Search code examples
c++reverse-engineeringdecompiler

Why is there no accurate C++ decompiler?


Why is it not possible to create a C++ decompiler that will function as accurately as those made for Java and C#?


Solution

  • There are several reasons:

    1. Inlining. A lot of C++ code gets inlined in optimized builds. That plays havoc with any form of decompiler. To figure out that a function was inlined, the decompiler would have to analyze the specifics of the inlined code and match them up.

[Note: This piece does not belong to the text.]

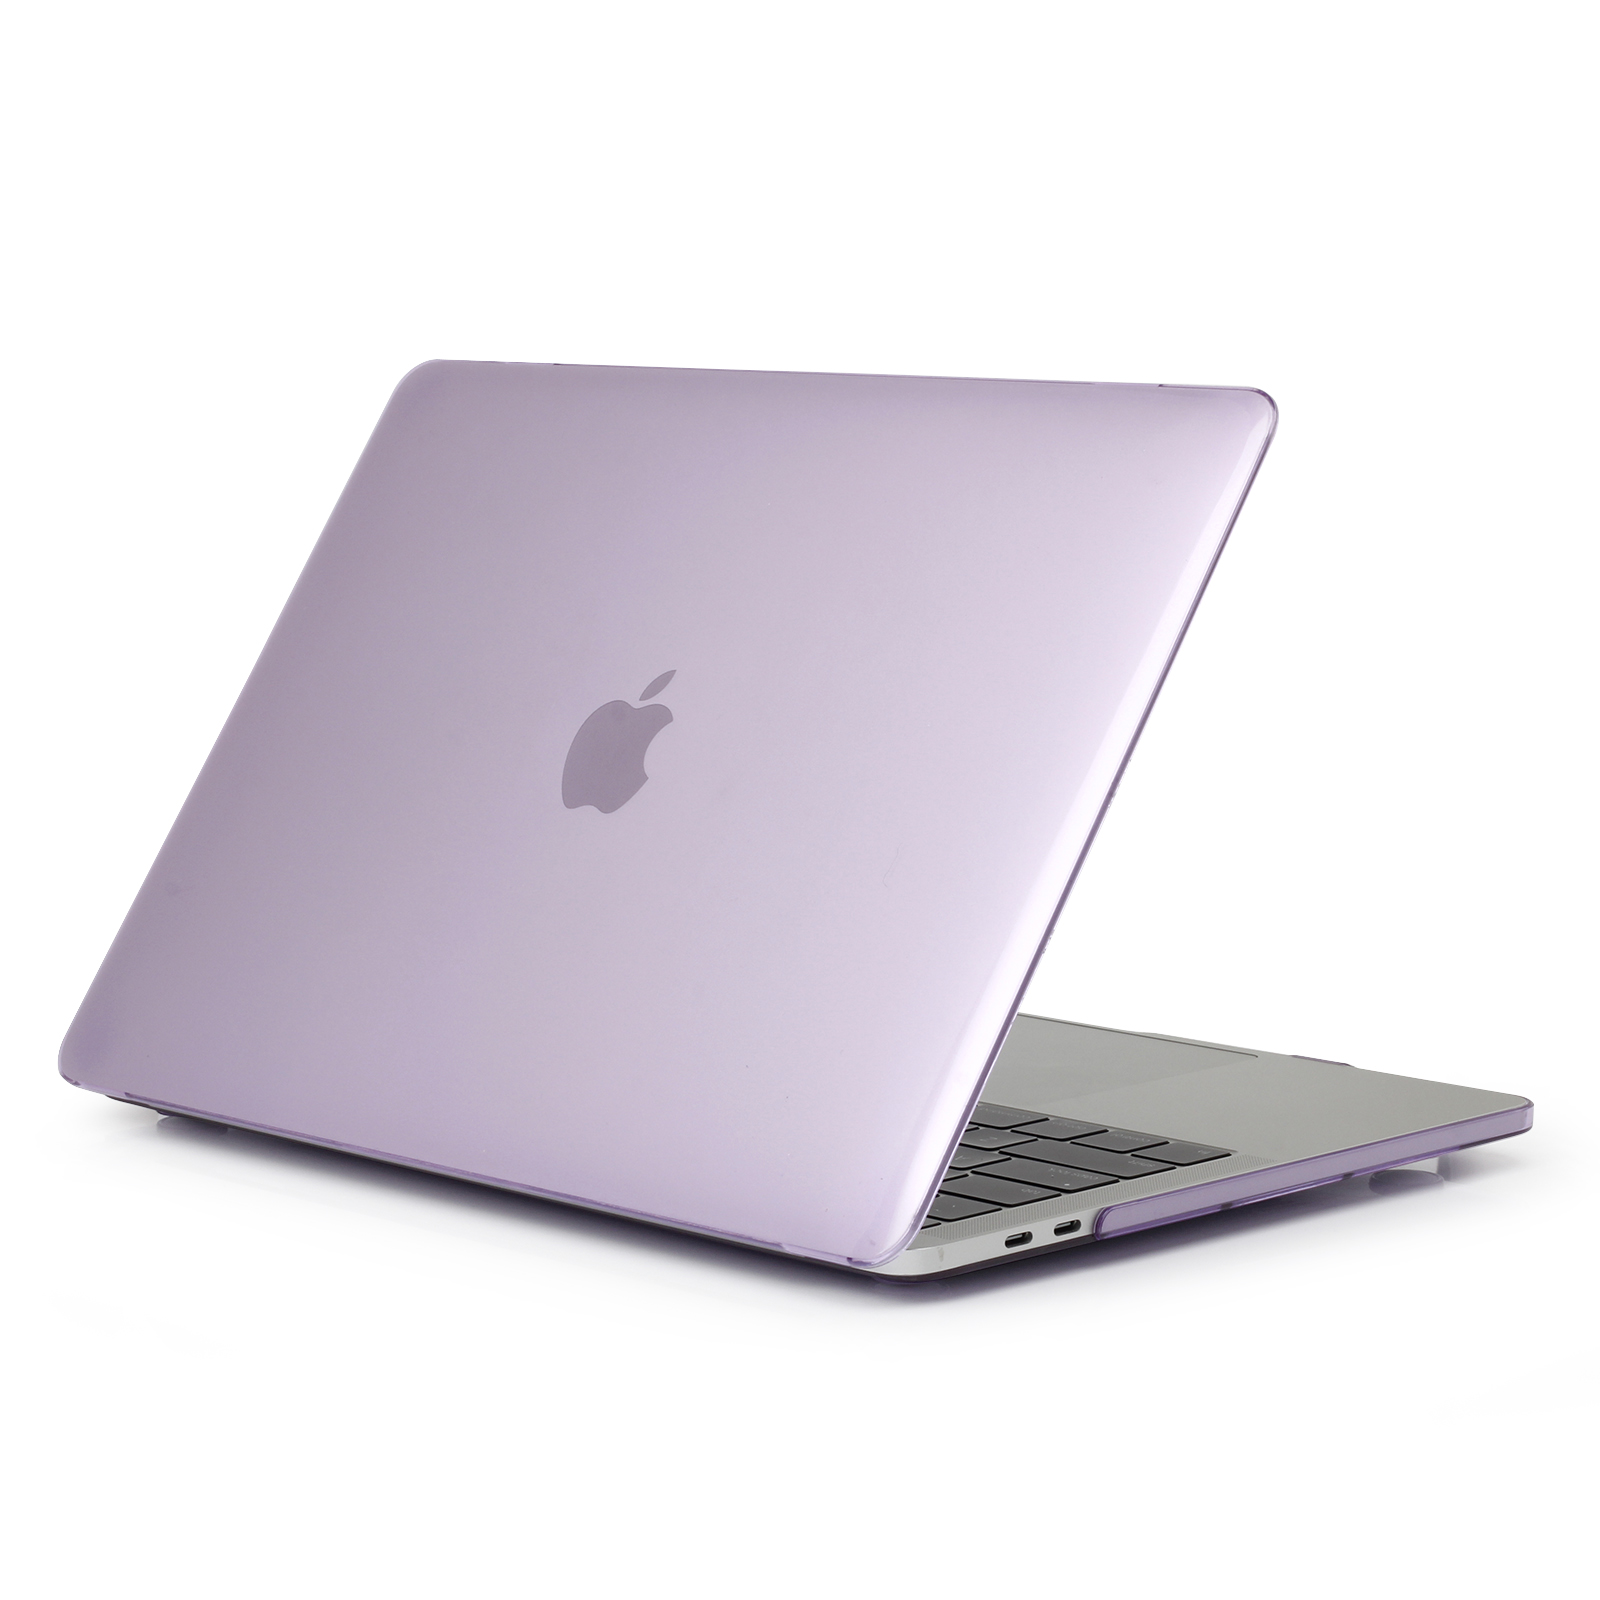 iPouzdro.cz pro MacBook Pro 13 (2012-2015) 2222221001934 fialová

And post-inlining optimization steps can make code very different, depending on where it was inlined.

    2. Templates. Templates use #1 exclusively, but they create additional problems. It is at least theoretically possible that a function that gets inlined in two places would compile to the same sequence of assembly instructions. But for template code, which was instantiated with different template arguments? Different instantiations will usually have to compile down to different sequences of instructions. And this becomes even more difficult, since template code can call different sets of functions based on the template parameters. And those functions themselves could be inlined.

    3. Compile-time execution. Template metaprogramming allows the compiler to actually execute code. But C++11's constexpr provides a more natural way to do some computations at compile time. Obviously, compile-time function calls or metafunction instantiations cannot be part of the compiled executable. Only the results of them will be (since that's kinda the point).

    4. Lack of comprehensive runtime reflection. C# and Java both lace their bytecode with a lot of information about what the nature of the original source code. Object definitions are easily detectable, as are object names, member variable types and names, etc. C++ compiles down to machine language, which is not required to have any such information. And since it isn't required, compilers don't generate it. Even the reflection study group of the ISO C++ committee is focused on compile-time reflection, which is information that won't be available at runtime.

      Even std::type_info doesn't offer anything. The reason being that, if the compiler does not detect that a particular type will have typeid called on it, then the compiler doesn't need to generate a std::type_info object for it. And even if it did, all that gives you is an object's name (and an identifier). Nothing more.